Rudolf Carl Virchow lived in nineteenth century Prussia, now Germany, and proposed that omnis cellula e cellula, which translates to each cell comes from another cell, and which became and fundamental concept for cell theory. He helped found two fields, cellular pathology and comparative pathology, and he contributed to many others. Ultimately Virchow argued that disease is caused by changes in normal cells, also known as cellular pathology.

Matthias Jacob Schleiden helped develop the cell theory in Germany during the nineteenth century. Schleiden studied cells as the common element among all plants and animals. Schleiden contributed to the field of embryology through his introduction of the Zeiss microscope lens and via his work with cells and cell theory as an organizing principle of biology.

Apoptosis, or programmed cell death, is a mechanism in embryonic development that occurs naturally in organisms. Apoptosis is a different process from cell necrosis, which is uncontrolled cell death usually after infection or specific trauma. As cells rapidly proliferate during development, some of them undergo apoptosis, which is necessary for many stages in development, including neural development, reduction in egg cells (oocytes) at birth, as well as the shaping of fingers and vestigial organs in humans and other animals. Sydney Brenner, H. Robert Horvitz, and John E. Sulston received the Nobel Prize in Physiology or Medicine in 2002 for their work on the genetic regulation of organ development and programmed cell death. Research on cell lineages before and after embryonic development may lead to new ways to reduce or promote cell death, which can be important in preventing diseases such as Alzheimer's or cancer.

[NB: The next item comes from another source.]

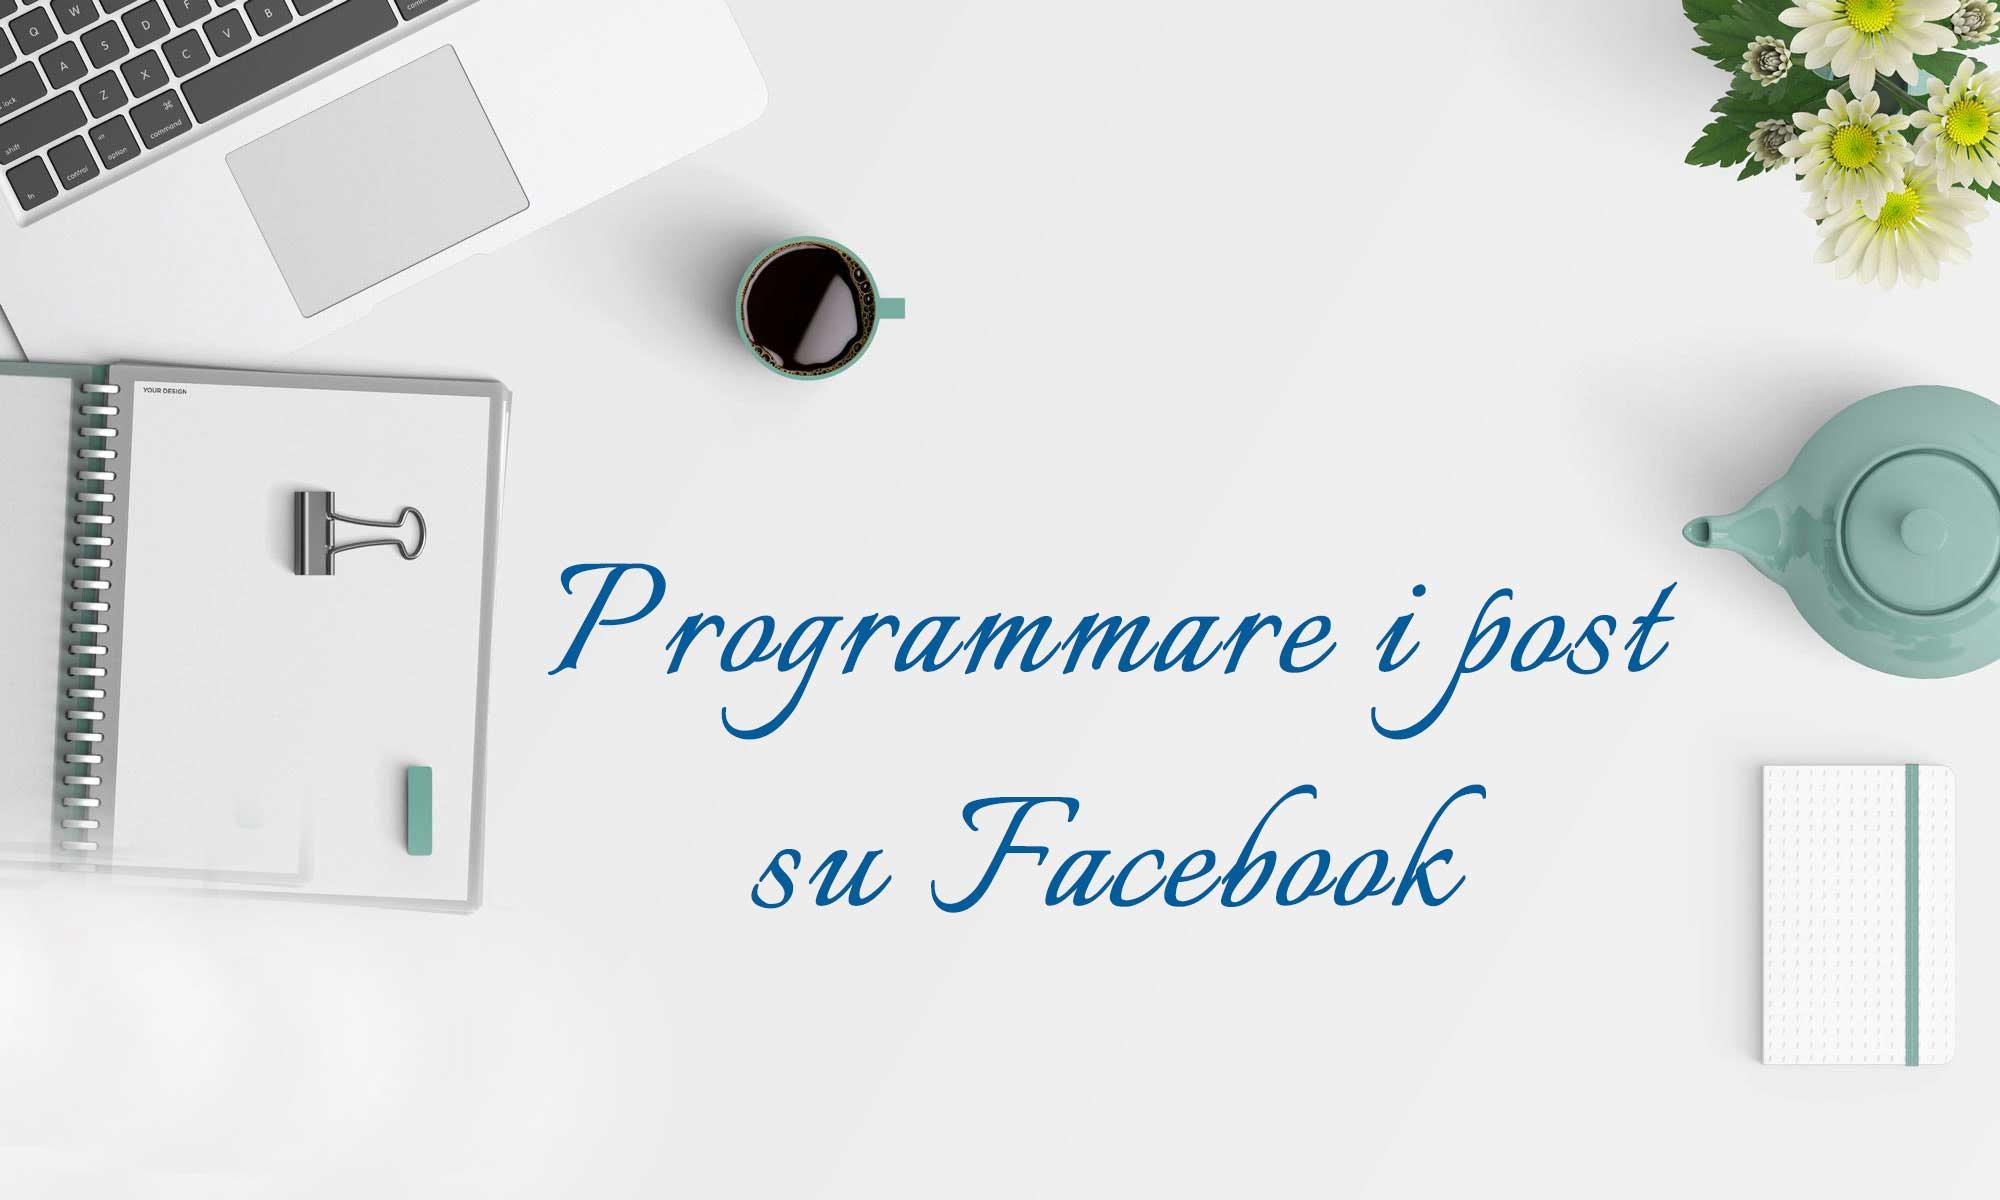 Programmare i post su Facebook
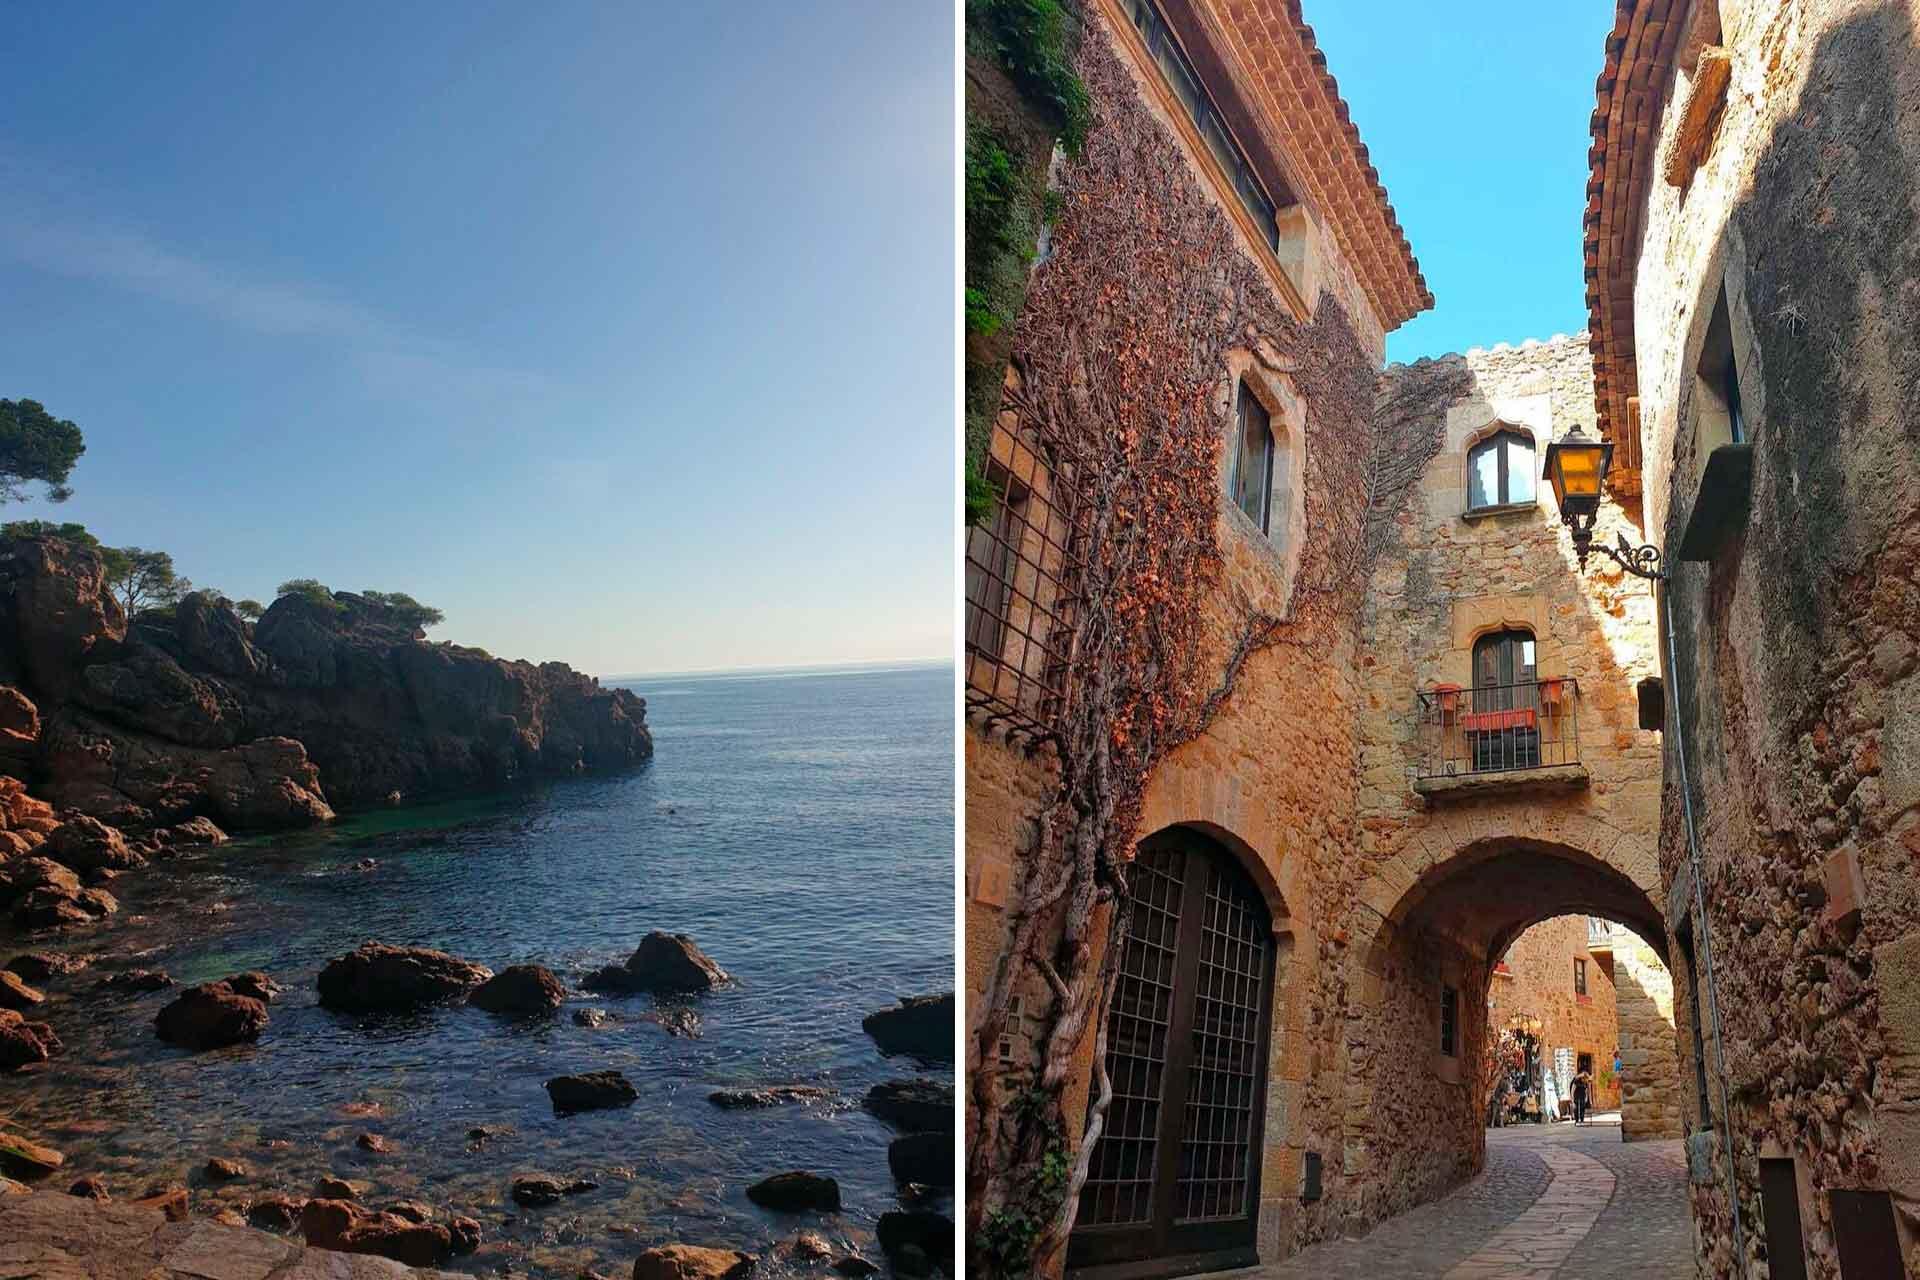 COSTA BRAVA: Cinque Cose Straordinarie Che Puoi Fare In Catalogna

A germ layer is a group of cells in an embryo that interact with each other as the embryo develops and contribute to the formation of all organs and tissues. All animals, except perhaps sponges, form two or three germ layers. The germ layers develop early in embryonic life, through the process of gastrulation. During gastrulation, a hollow cluster of cells called a blastula reorganizes into two primary germ layers: an inner layer, called endoderm, and an outer layer, called ectoderm. Diploblastic organisms have only the two primary germ layers; these organisms characteristically have multiple symmetrical body axes (radial symmetry), as is true of jellyfish, sea anemones, and the rest of the phylum Cnidaria. All other animals are triploblastic, as endoderm and ectoderm interact to produce a third germ layer, called mesoderm. Together, the three germ layers will give rise to every organ in the body, from skin and hair to the digestive tract.

All cells that have a nucleus, including plant, animal, fungal cells, and most single-celled protists, also have mitochondria. Mitochondria are particles called organelles found outside the nucleus in a cell's cytoplasm. The main function of mitochondria is to supply energy to the cell, and therefore to the organism. The theory for how mitochondria evolved, proposed by Lynn Margulis in the twentieth century, is that they were once free-living organisms. Around two billion years ago, mitochondria took up residence inside larger cells, in a process called endosymbiosis, becoming functional parts of those cells. Within each mitochondrion is the mitochondrial DNA (mtDNA), which is different from the DNA in the cell's nucleus (nDNA). Organisms inherit their mitochondria only from their mothers via egg cells (oocytes). Mitochondria contribute to the development of oocytes, the release of the oocyte from the ovary (ovulation), the union of oocyte and sperm (fertilization), all stages of embryo formation (embryogenesis), and growth of the embryo after fertilization.